■ EXERCISE OBJECTIVE: Skip all pictures; return exactly the lines from the one containing "skrzydło samolotu słońce" through the end of the data.

■ DATA:
================
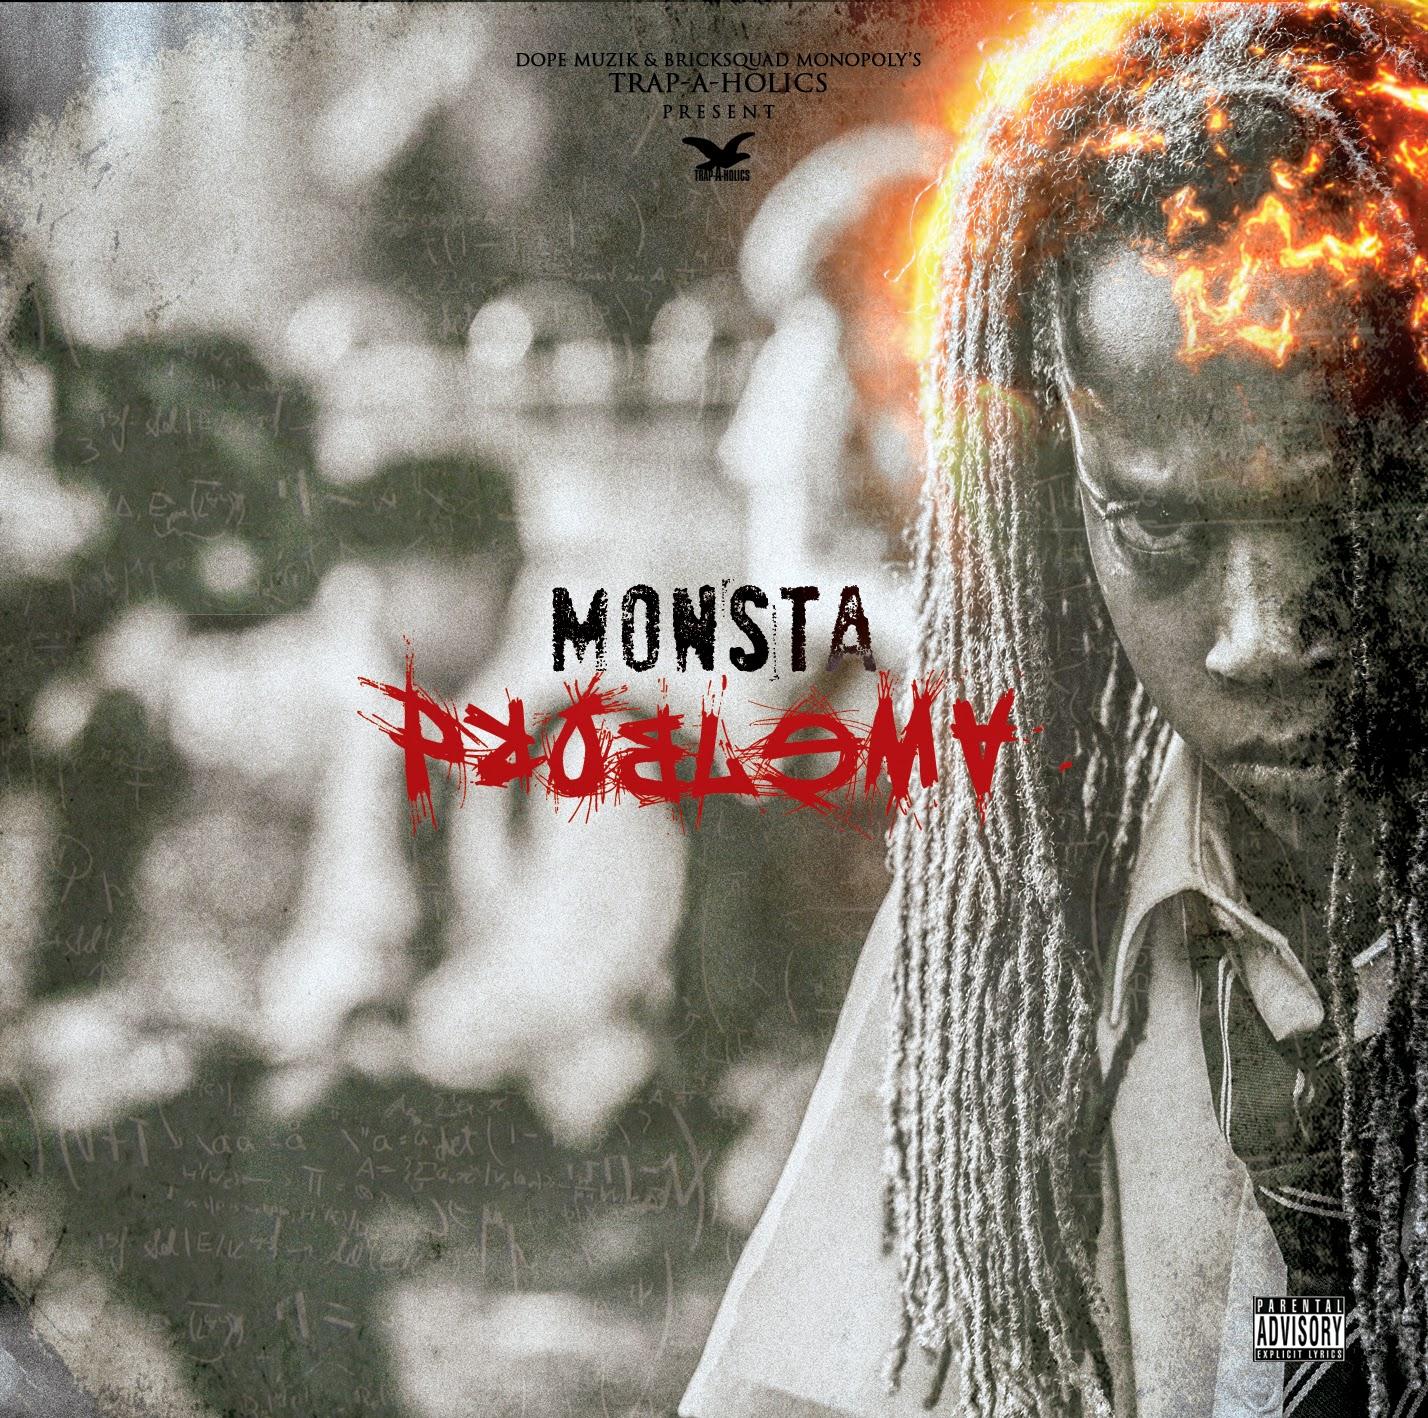 http://indy.livemixtapes.com/mixtapes/30921/monsta-problema.html
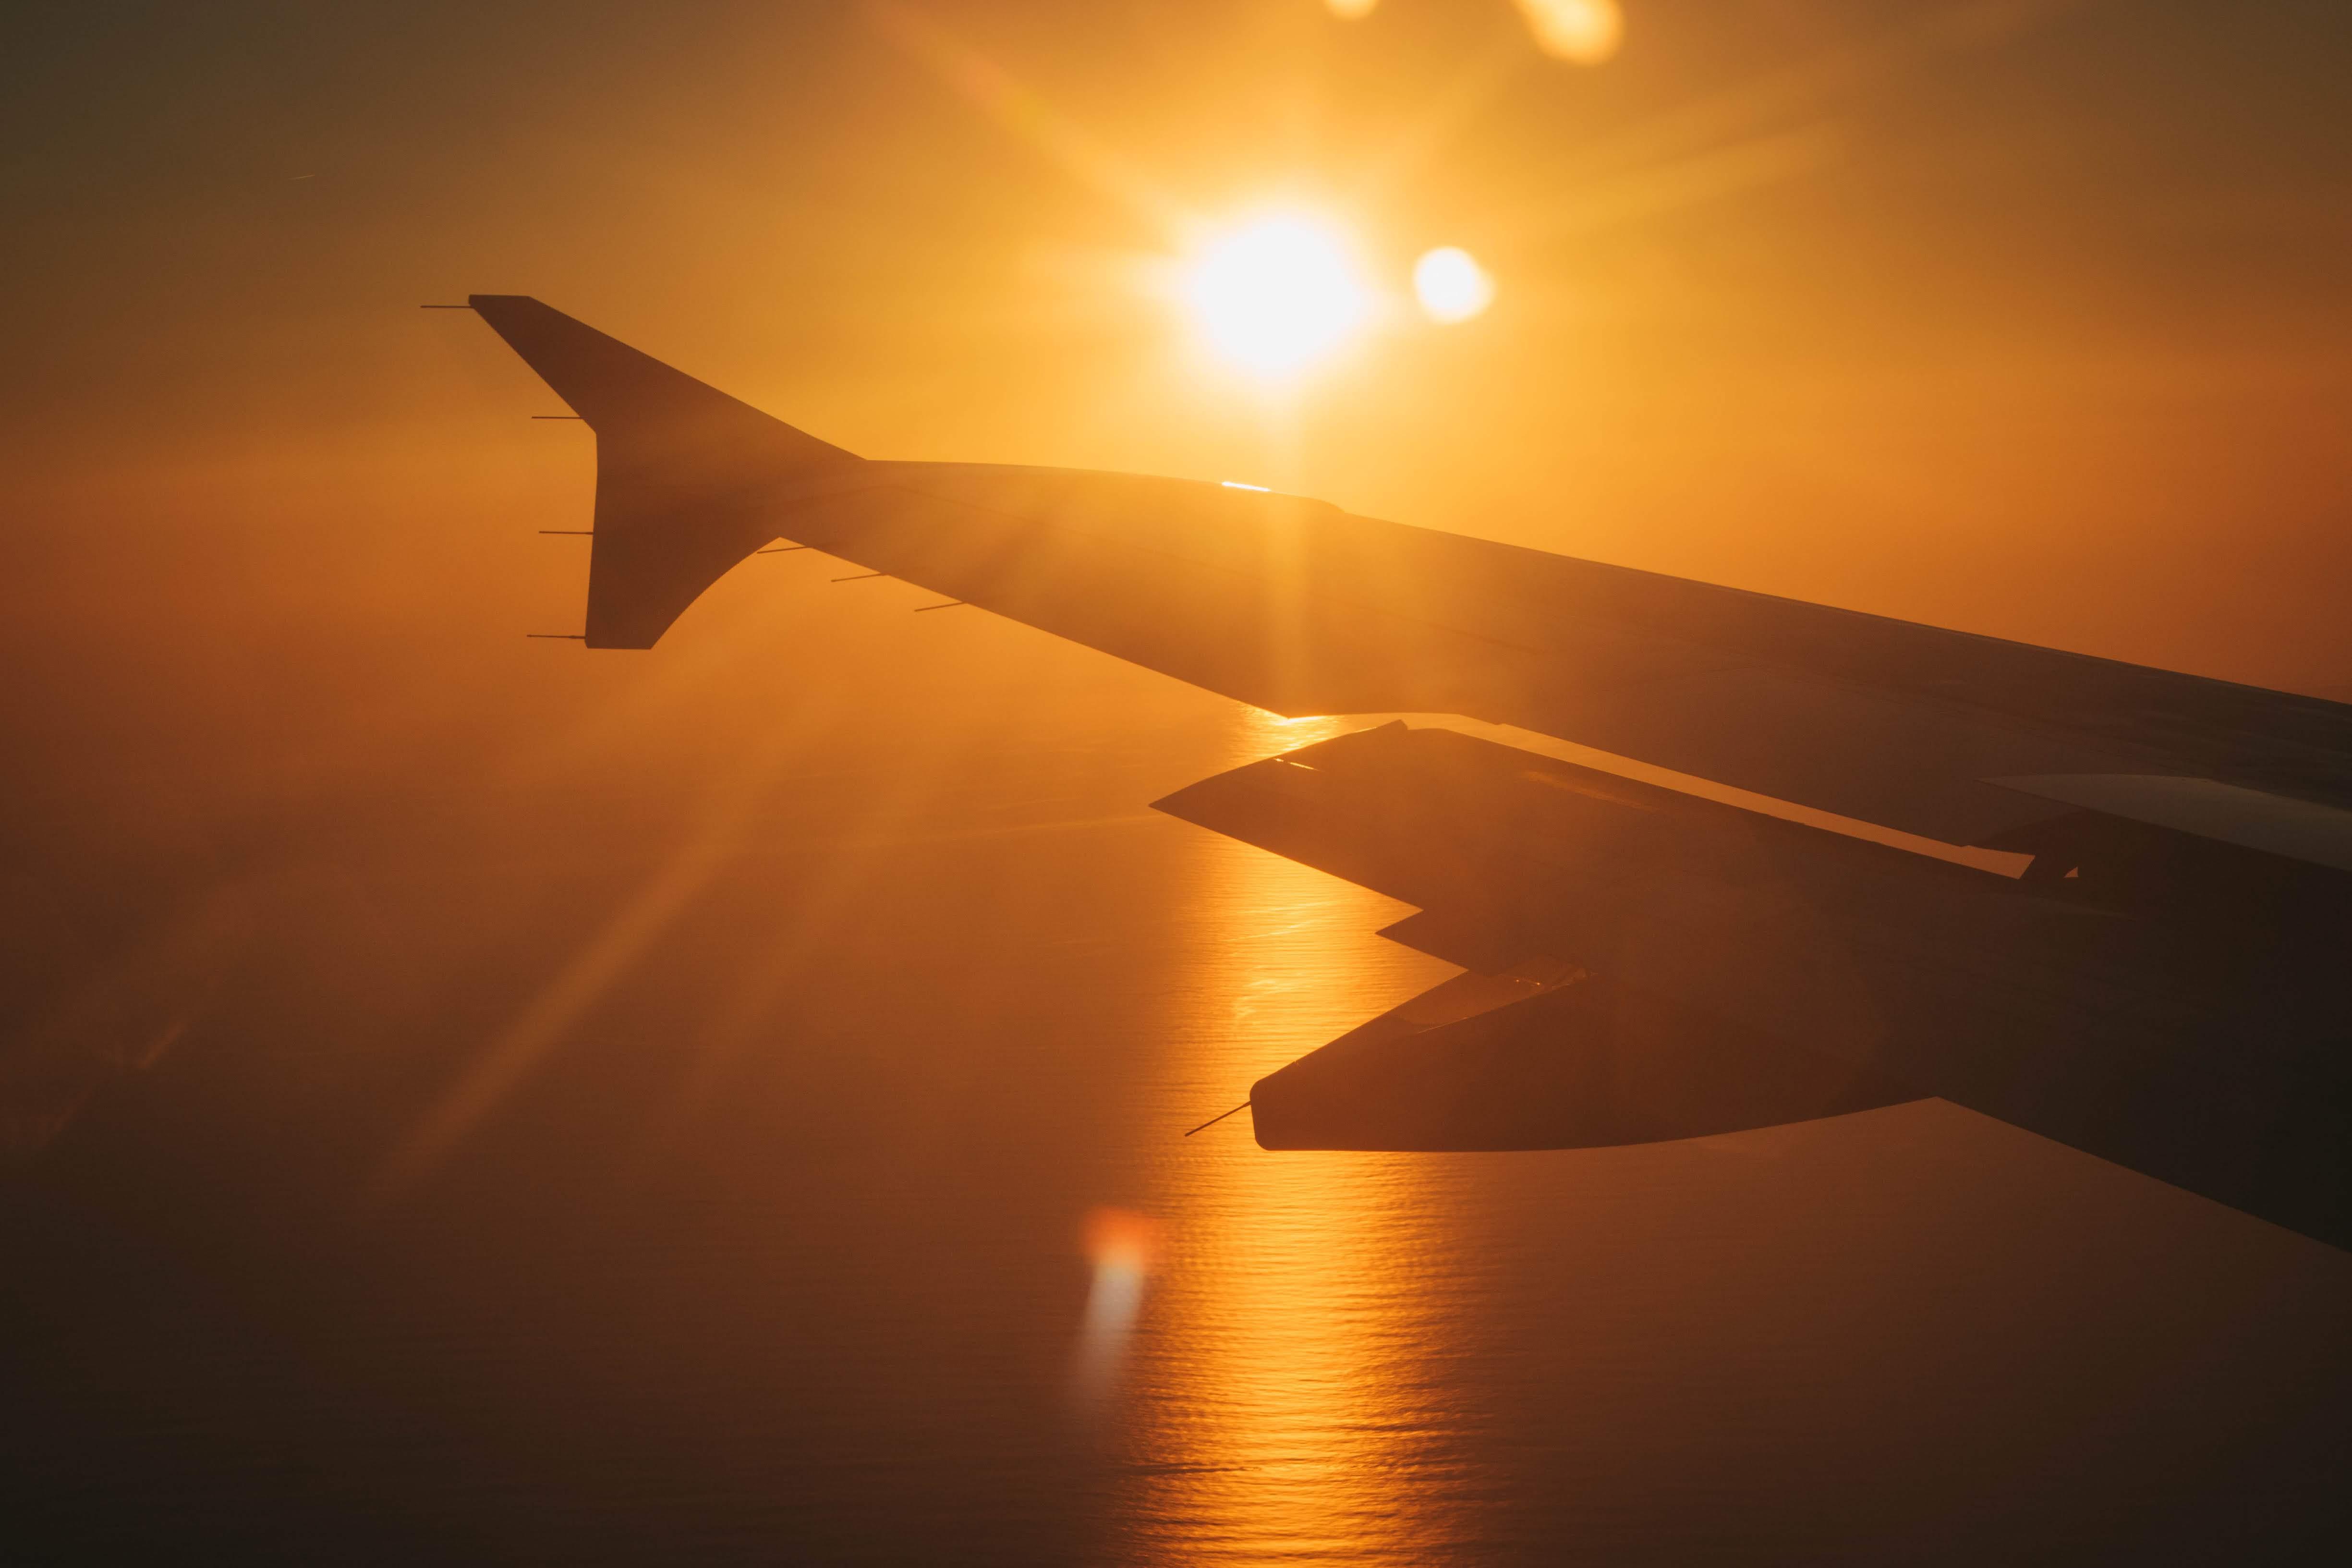 skrzydło samolotu słońce
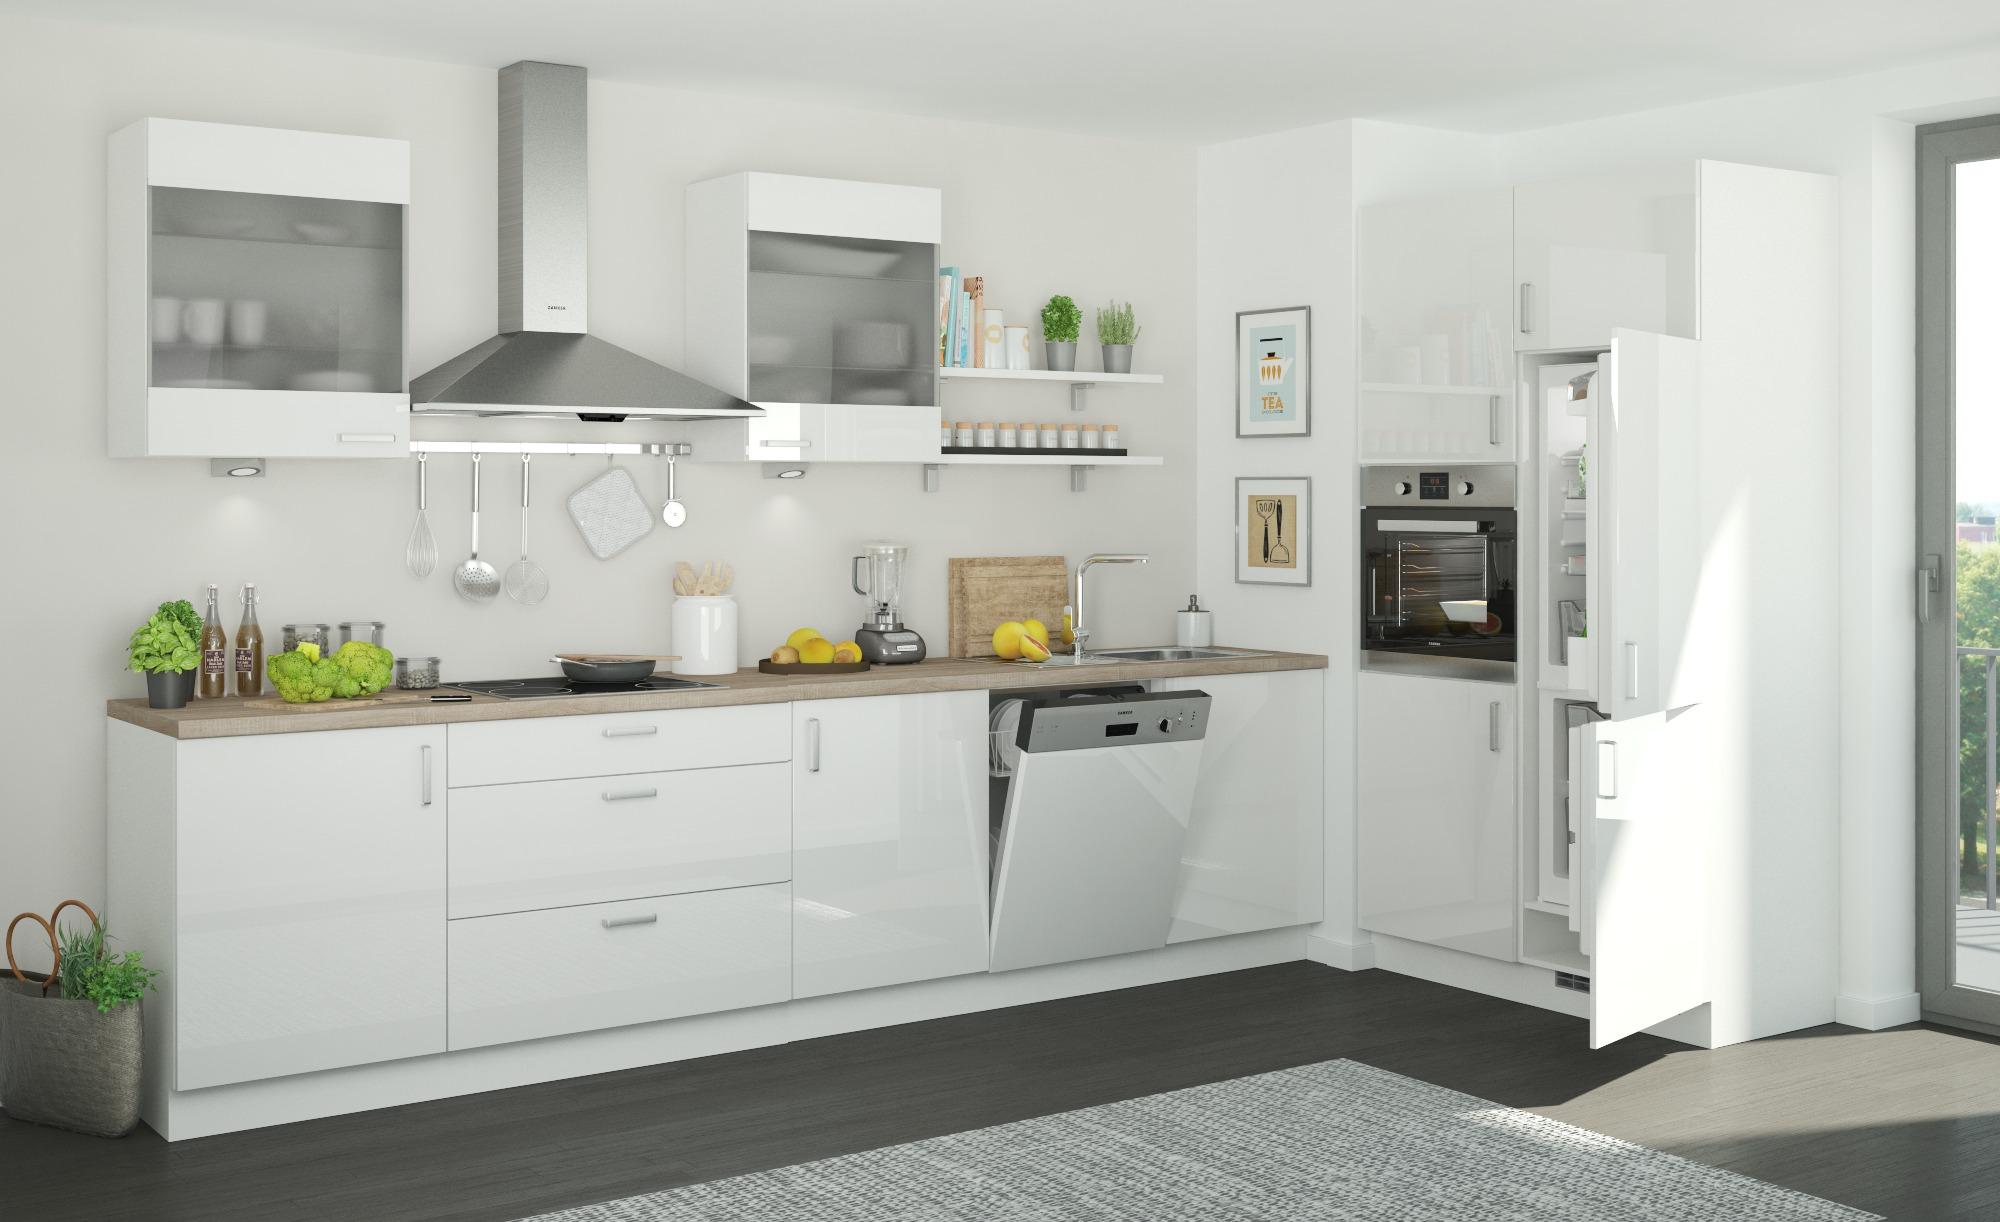 Küchenzeile ohne Elektrogeräte  Frankfurt ¦ weiß Küchen > Küchenblöcke ohne E-Geräte - Höffner | Küche und Esszimmer > Küchen > Küchenzeilen | Möbel Höffner DE
================
■ RESPONSE TO THIS EXERCISE:
 skrzydło samolotu słońce
 Küchenzeile ohne Elektrogeräte  Frankfurt ¦ weiß Küchen > Küchenblöcke ohne E-Geräte - Höffner | Küche und Esszimmer > Küchen > Küchenzeilen | Möbel Höffner DE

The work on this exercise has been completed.